1[33]:5 “For if you take a little wormwood, and pour it into a jar of honey, is not the whole of the honey spoiled, and all that honey ruined by a very small quantity of wormwood? For it destroyeth the sweetness of the honey, and it no longer hath the same attraction for the owner, because it is rendered bitter and hath lost its use. But if the wormwood be not put into the honey, the honey is found sweet and becomes useful to its owner.

Wormwood is a bitter herb, thought to be poisonous and hallucinogenic as well.  It was banned in the U.S. until 2007.  What the author is saying is that a little envy, anger, or doubt that is allowed to take root in your heart (mind) will grow if left unchecked, and that you will be worse off for letting it fester.  It creates an environment that is incompatible with God’s word or the Holy Spirit’s presence.

There was a time earlier in this century when I was the faculty advisor for a college newspaper.  I would take my students to Orlando ro Chicago to college and university newspaper conventions.  There were always 700 or more institutions present, from the USAF Academy to Yale, to Stanford, Michigan State, and Grayson College where I worked.  The standard back then in college journalism was a world where there were no secrets.  Everything was revealed.  That’s a pretty scary thought!  But fledging journalists work towards transparency and this was their ideal.

Nothing we do in secret is truly secret.  Proverbs 15:3 says “The eyes of the Lord are everywhere, keeping watch on the wicked and the good.”   David says in Psalms 139:2 “You know when I sit and when I rise; you perceive my thoughts from afar.  We may be able to fool others.  We may be able to fool ourselves.  But we cannot fool God.  And those who carry around a secret understand exactly what sort of burden a secret can be.  It can be a prison where no light gets in and where you can’t tell night from day.

In our system of law, governments can actually punish people for what they think.  The legal term for this is premeditation.  According to the Legal Dictionary, premeditation is “planning, plotting or deliberating before doing something.

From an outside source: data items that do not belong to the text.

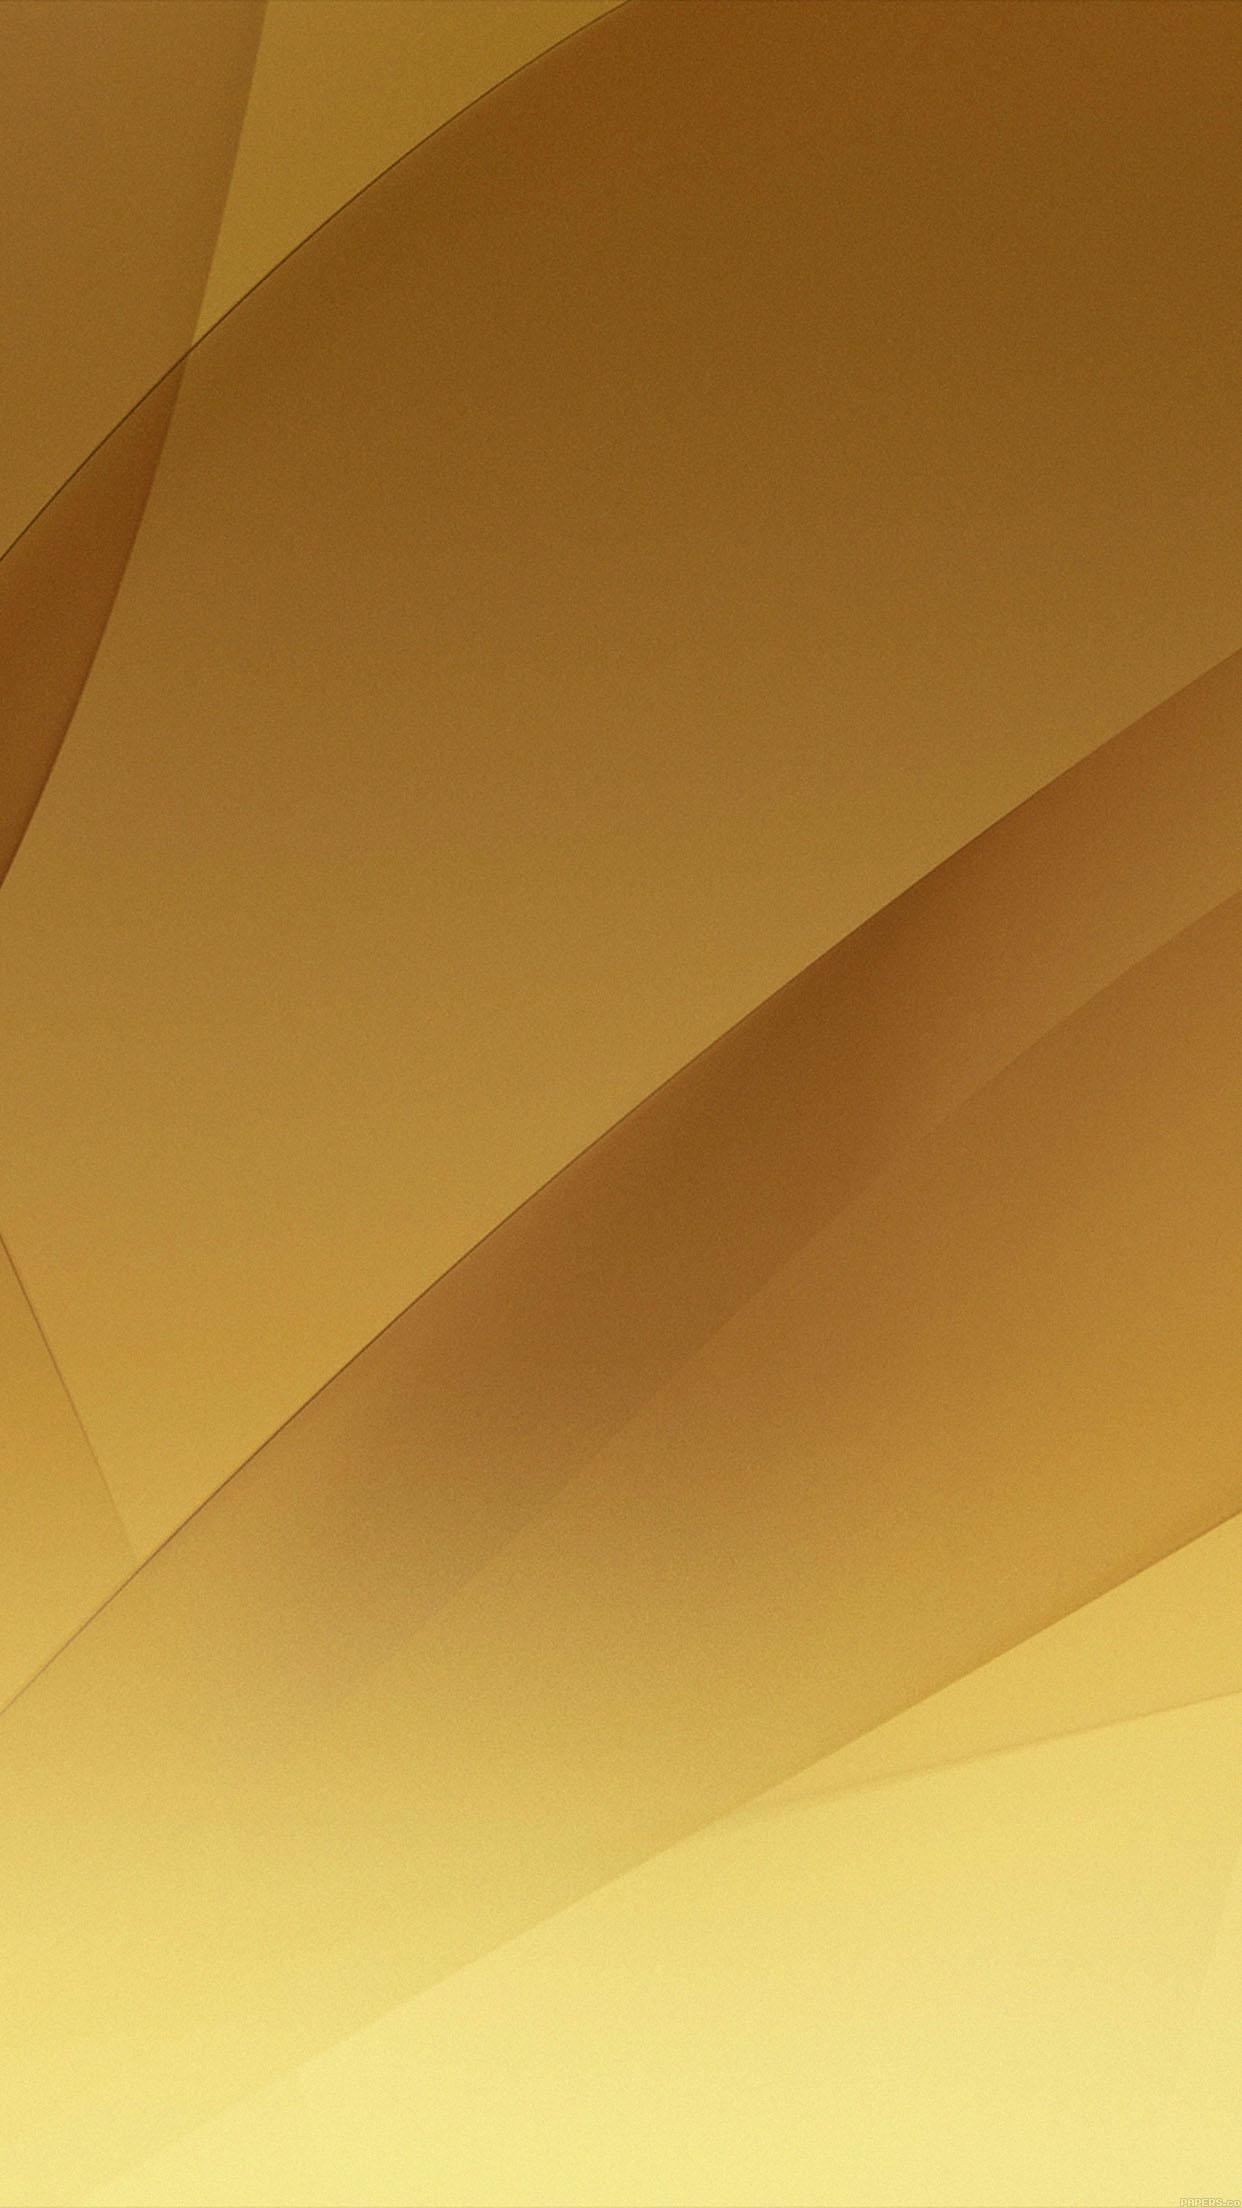 Golden iPhone Hd Wallpapers - Wallpaper Cave
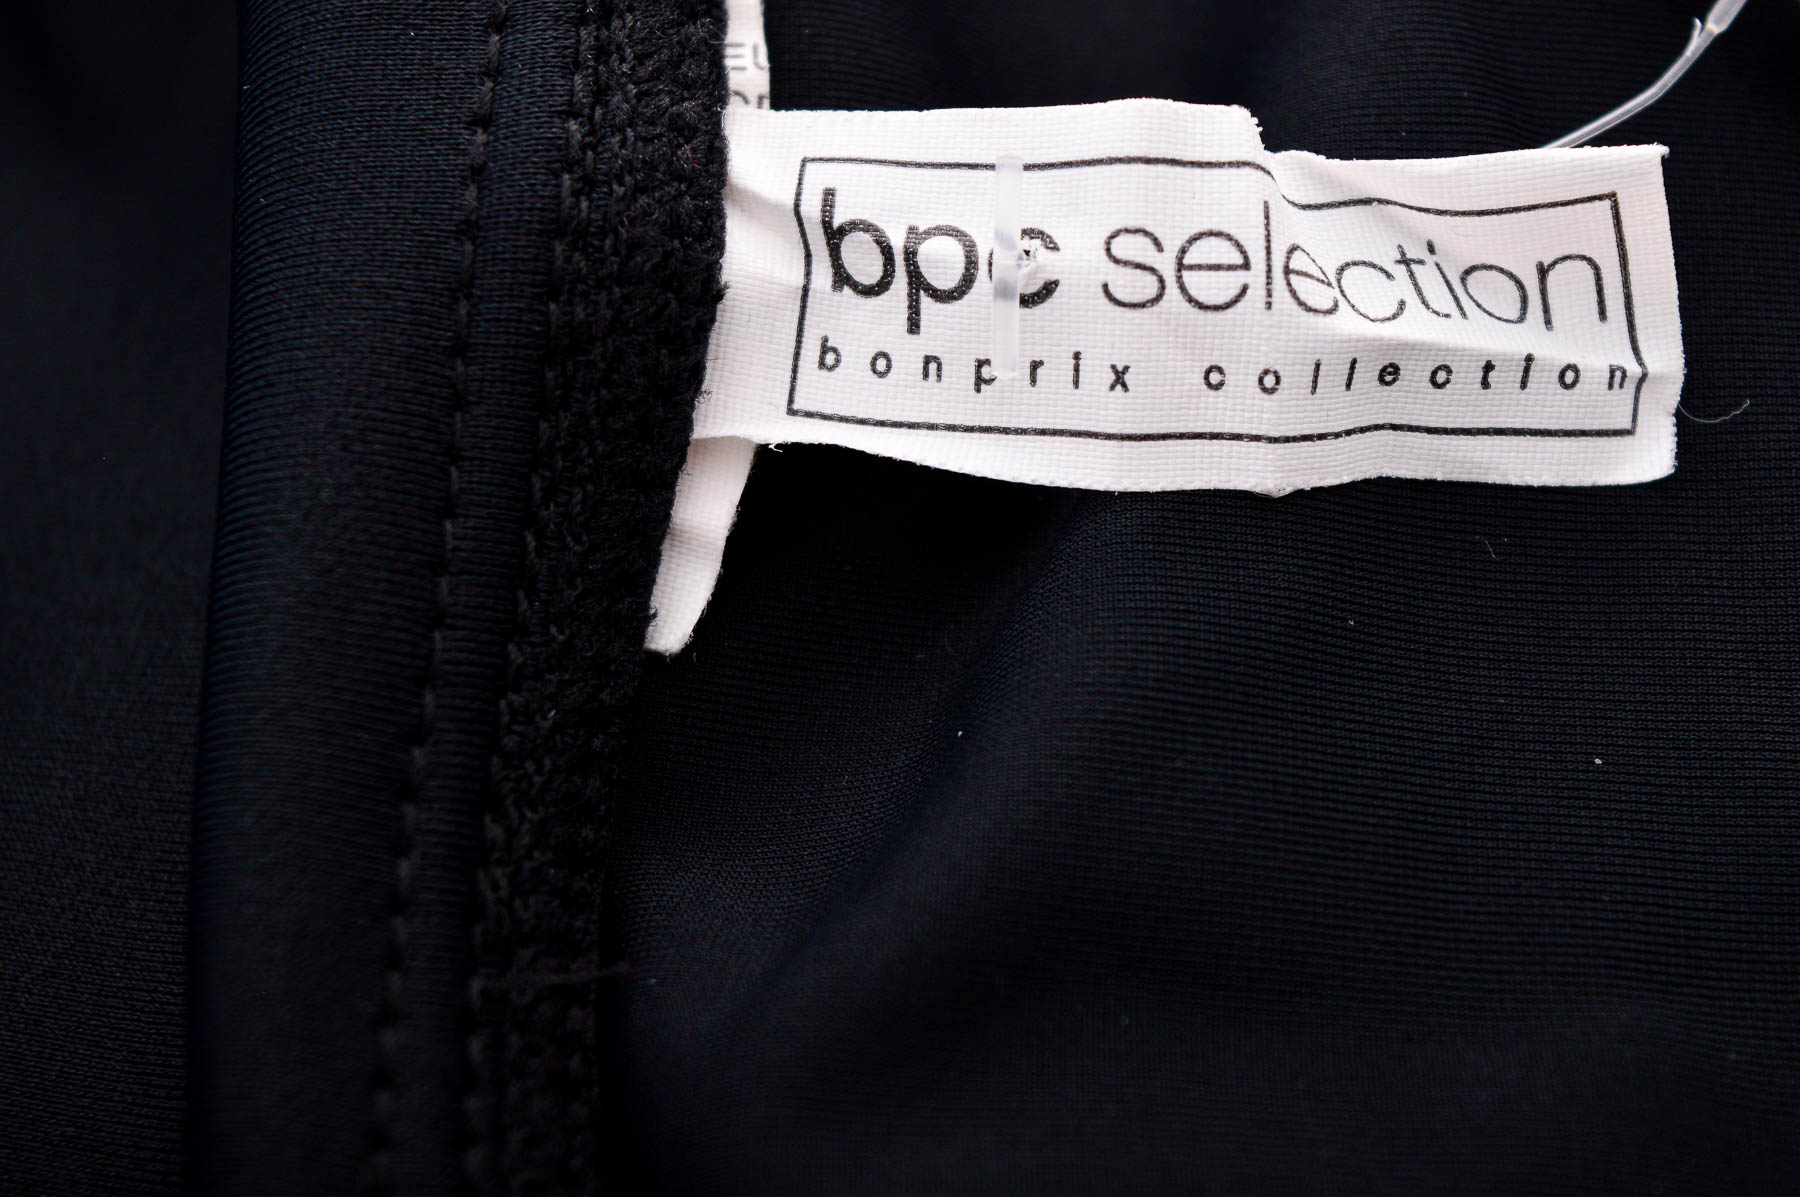 Spodnie spódnicowe - Bpc selection bonprix collection - 2
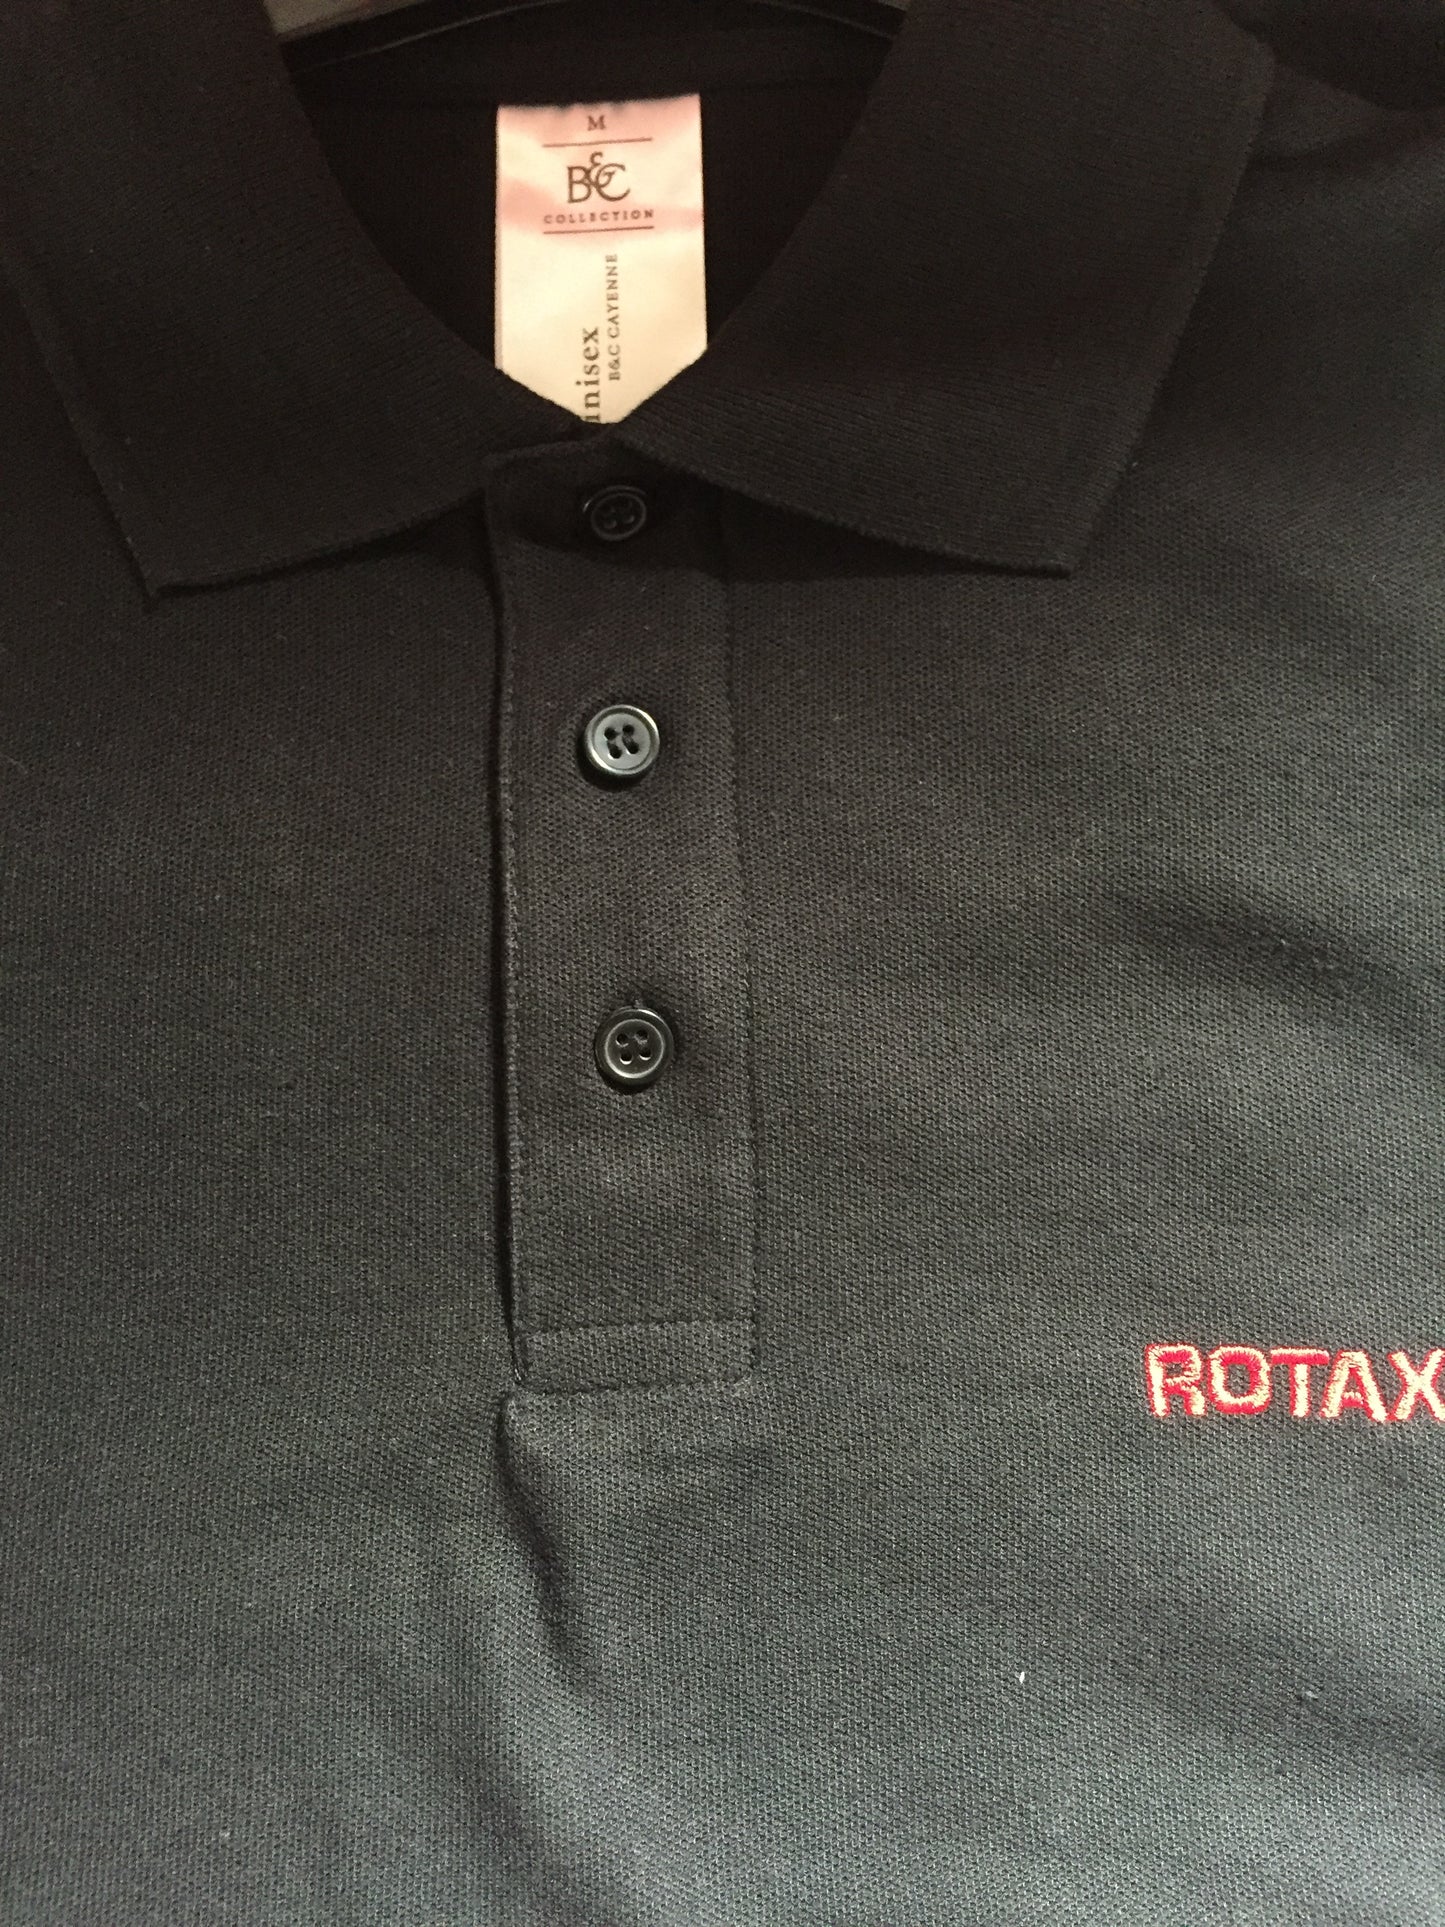 Rotax Polo T-Shirt - Black
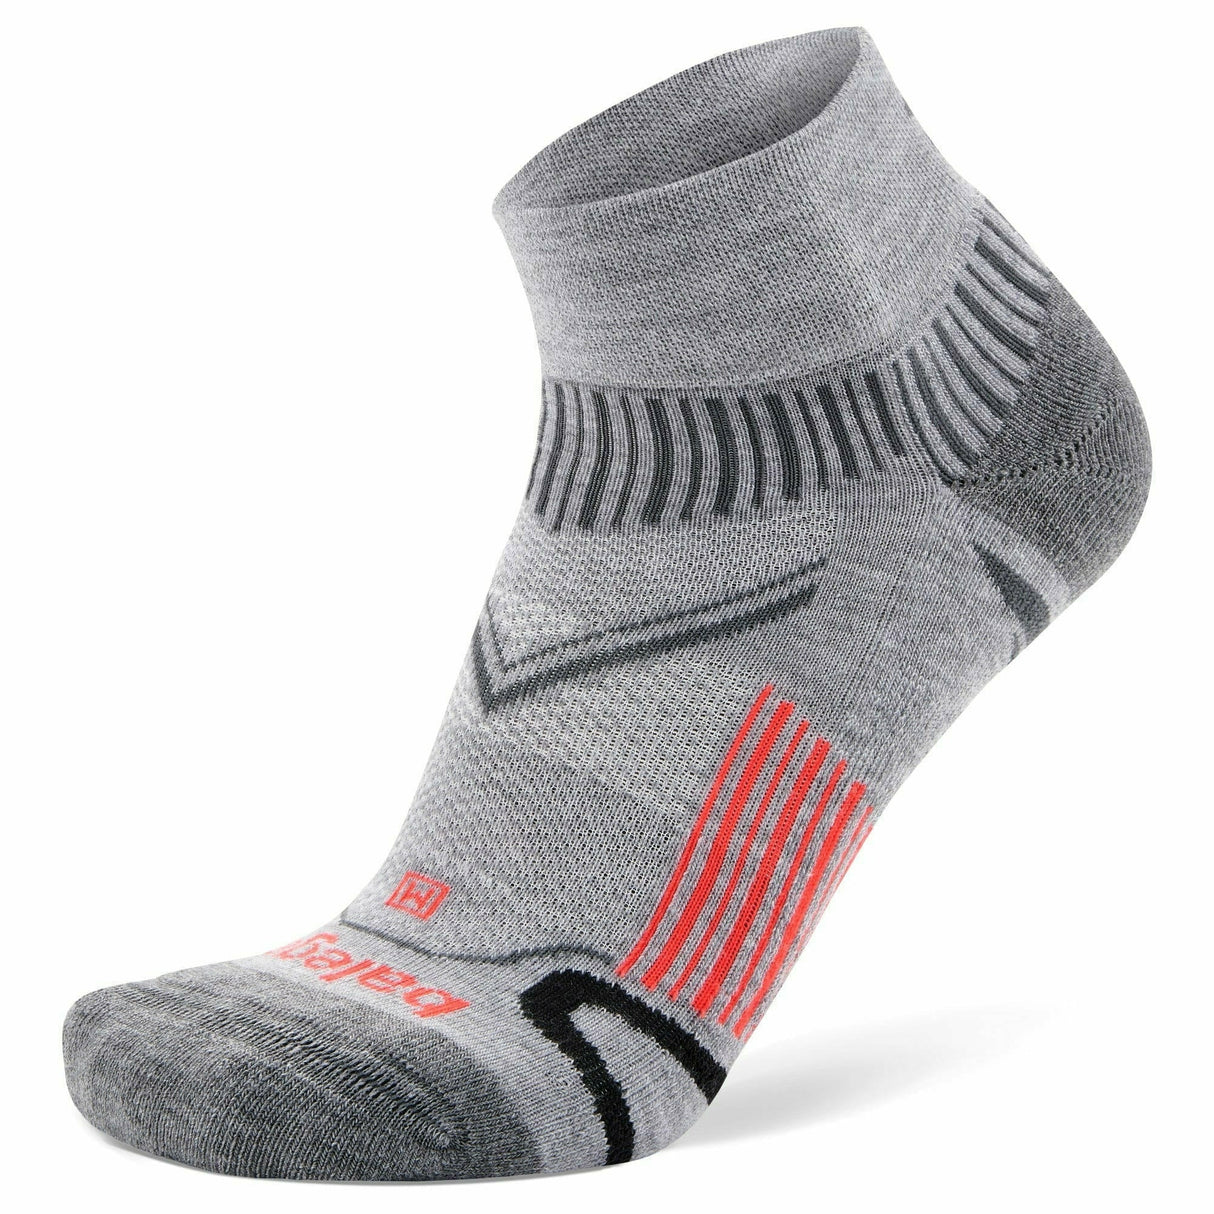 Balega Enduro Quarter Socks  -  Small / Mid Gray

Premeditation is an element in first degree murder and shows intent to commit that crime.”  Further, “Premeditation requires that the defendant thinks out the act, no matter how quickly—it can be as simple as deciding to pick up a hammer that is lying nearby and to use it as a weapon.  Thinking about some deadly act in advance in your mind could be the difference between first degree murder which calls for the death penalty and manslaughter which does not.  So, if the state can judge you on what is in your heart, how much more can your Creator do so?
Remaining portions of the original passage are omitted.